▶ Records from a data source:
•••
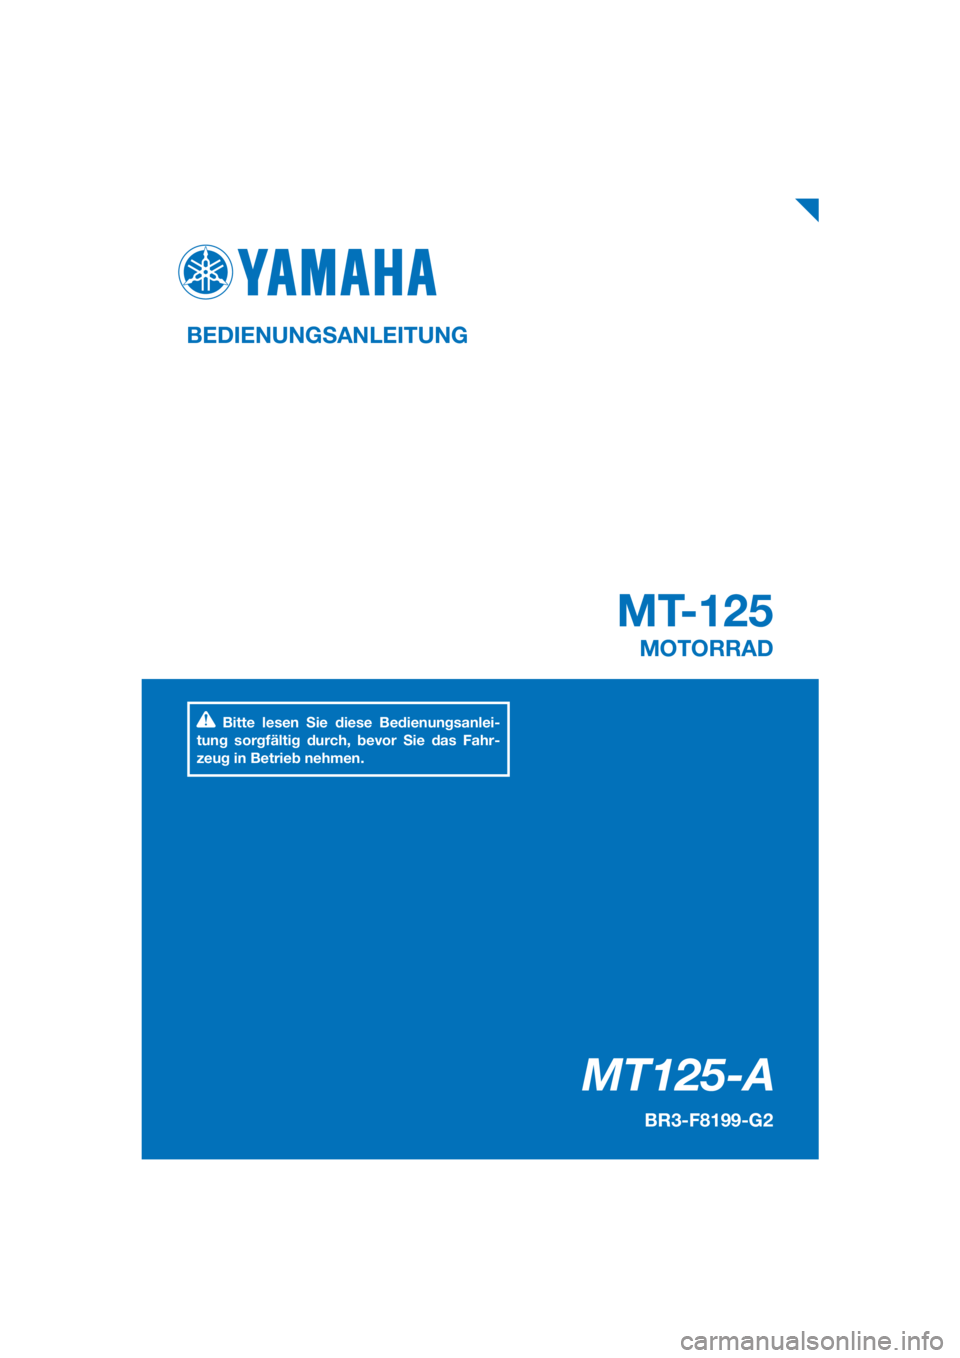 YAMAHA MT-125 2018  Betriebsanleitungen (in German) PANTONE285C
MT125-A
MT-125
BEDIENUNGSANLEITUNG
BR3-F8199-G2
MOTORRAD
Bitte lesen Sie diese Bedienungsanlei-
tung sorgfältig durch, bevor Sie das Fahr-
zeug in Betrieb nehmen.
[German  (G)]
•••
▶ EXERCISE DETAILS:
The copy must match every line of the data exactly and contain no pictures.

▶ SOLUTION FOR THIS TASK:
 YAMAHA MT-125 2018  Betriebsanleitungen (in German) PANTONE285C
MT125-A
MT-125
BEDIENUNGSANLEITUNG
BR3-F8199-G2
MOTORRAD
Bitte lesen Sie diese Bedienungsanlei-
tung sorgfältig durch, bevor Sie das Fahr-
zeug in Betrieb nehmen.
[German  (G)]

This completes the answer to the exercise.